S原:今回は、ケビン・コスナーとホイットニー・ヒューストン主演で大ヒットした往年の恋愛映画「ボディガード」(1992)そっくりのこの映画!
Y木:うわー、おれにとっては、世の中で最も興味のないジャンルの映画やわ…
(あらすじ)
人を守るために、人を殺め、心を痛めた元SPの男・黒沢(松方弘樹)。1人余生を過ごそうと決めていたある日、1つの警護依頼が舞い込む。対象は、若くして世界から注目を浴びる、新進気鋭のアーティストAYA(島谷ひとみ)。その絵画と自身の注目が高まるほどに、脅迫の類が増えていたのだった。しかし、思うがままに行動し、黒沢をシャットアウトするAYA。脅迫も悪戯だと気にかけていなかったが、エスカレートしていく事態に追い込まれていく。それを救ったのが、黒沢の純粋で真っ直ぐな心だった。無邪気に笑い、穏やかに見守る黒沢を信頼し、再び平穏な毎日を送るようになったのだがーーー。
S原:これはなあ。無難に出来てるねんけどなあ。
Y木:面白いわけないやん、こんなん。
S原:いや出来は普通やねんけどな…ちゃんとストーリーも理解できるし、最後まで観れる。でもなんか違うねん…
Y木:違うって、そのまんまやろ。どうせいかにもVシネマで、いかにも松方弘樹なんやろ。
S原:うん、そうやねんけどな。どうも「薄い」ねん。
Y木:松方弘樹の顔は濃いけどな。どうせ単純というか、ありがちなんやろ?
S原:そうやな。ストーリーは、めちゃ単純やねん。上のあらすじのまんま。ひねりも何もなし。だから松方弘樹と島谷ひとみが魅力的にみえるかどうかがポイントやと思う。
Y木:2人は魅力的にみえた?
S原:2人とも悪くないで。でも、どう言えばええんかな。このストーリーやったら、島谷ひとみが徐々に松方弘樹に惹かれていく…というところが観客としては観たいやろ。実際、ケビン・コスナー版はそれが上手く描かれてるから、当時、女性客が観に行ったわけやん。最後は、別れなければいけない運命なのに、どうしても惹かれていく大人の男女。大人の胸キュン。ああ、もう!みたいな(笑)どうも、この映画ではそういう部分が弱いんよなあ。
S原:持つ…かな?やっぱり、そこの描き方が弱い。最初は武骨やったけど、どんどん魅力的な部分に気付く、という場面がなさすぎる。これでは、ただ単に①ボディーガード(おじさん)を頼む → ②守る → ③仕事が終わったからサヨナラ → ④おしまい。やもんなあ。
Y木:そりゃ、おもろないわ。意外な犯人とかないの?ストーカー事件やろ。
S原:特に普通やった。結局は、島谷ひとみが所属している事務所のライバル事務所の社長の逆恨みが原因やった。
Y木:それも、ありがちやなあ。
S原:惜しい場面はあるねん。
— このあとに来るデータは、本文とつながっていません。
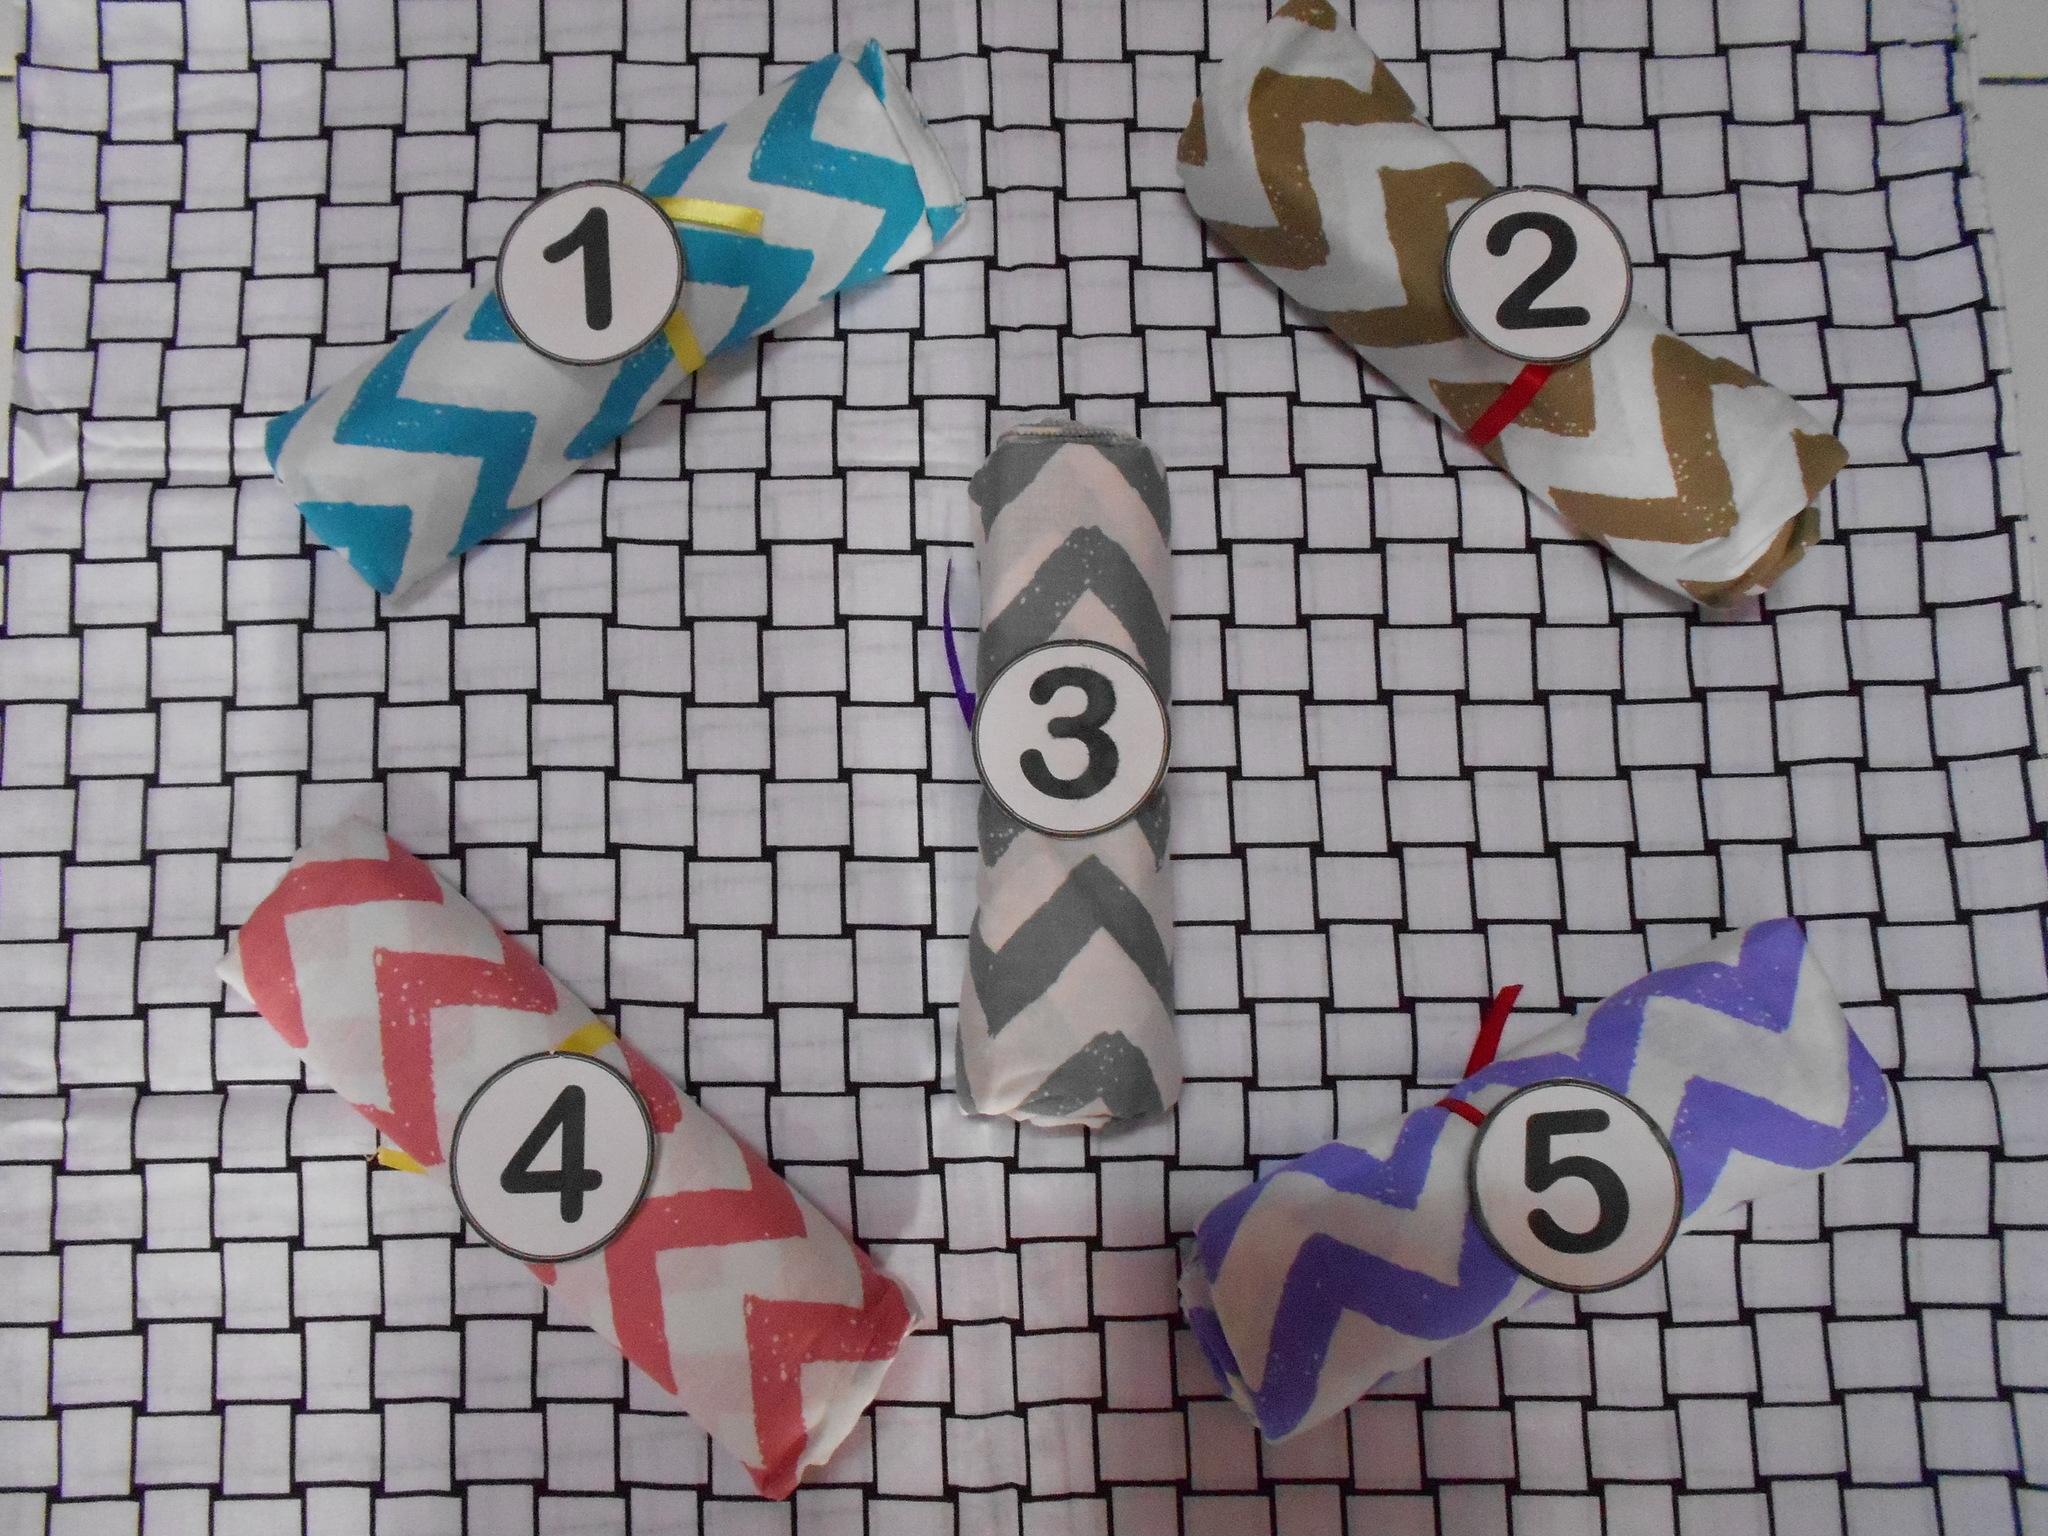 Jilbab Segi Empat Monochrome Zigzag SMZ1 (Grosir Kerudung/Hijab Murah

島谷ひとみの元カレがおってな。こいつは今は落ちぶれてるけど、島谷ひとみはまだ才能を信じているねん。この元カレがキレて島谷ひとみを襲おうとすると、松方弘樹は容赦なく射殺する。
S原:ちょっだけ、愚痴っただけやった。元カレが目の前で殺されたのになあ…(苦笑)やっぱり、「キャラクター」が浅いんやろうな。脚本なのか設定なのか演出なのかわからんけど。思い切って、コメディかシリアスかどっちかにもっと振り切れば、かなり面白くなったと思うんやけどな。
Y木:いやー、まえのヤクザ映画特集のときも言ったけどな、この手の映画を、おまえみたいに「こうすれば良くなるのになあ」と観てる人は少数派なんやって。こういう映画はサラ~と観れて、印象が薄くてもOKの人向けに作ってるんやって。
S原:そうなんかなあ。プロが作ってるし、少しの工夫でもっと面白くなるはずやのに。どうせ作るんなら、ちょっとでも面白くすればええのになあ。
Y木:ま、あの「ボディガード」をいまさら真似る時点で終わってるわ(笑)
S原:さあ、みなさま。残念ながら印象が残らない作品ですが、ちゃんとは出来ています。2人のファンなら無問題。それ以外のかたは、観ても特に人生の糧にはならないでしょう。そろそろアクションが出来なくなってきた頃の松方弘樹は確認できます。いつか愛する人を守るためにも、ワゴンコーナーで見つけたら、ロック・オン!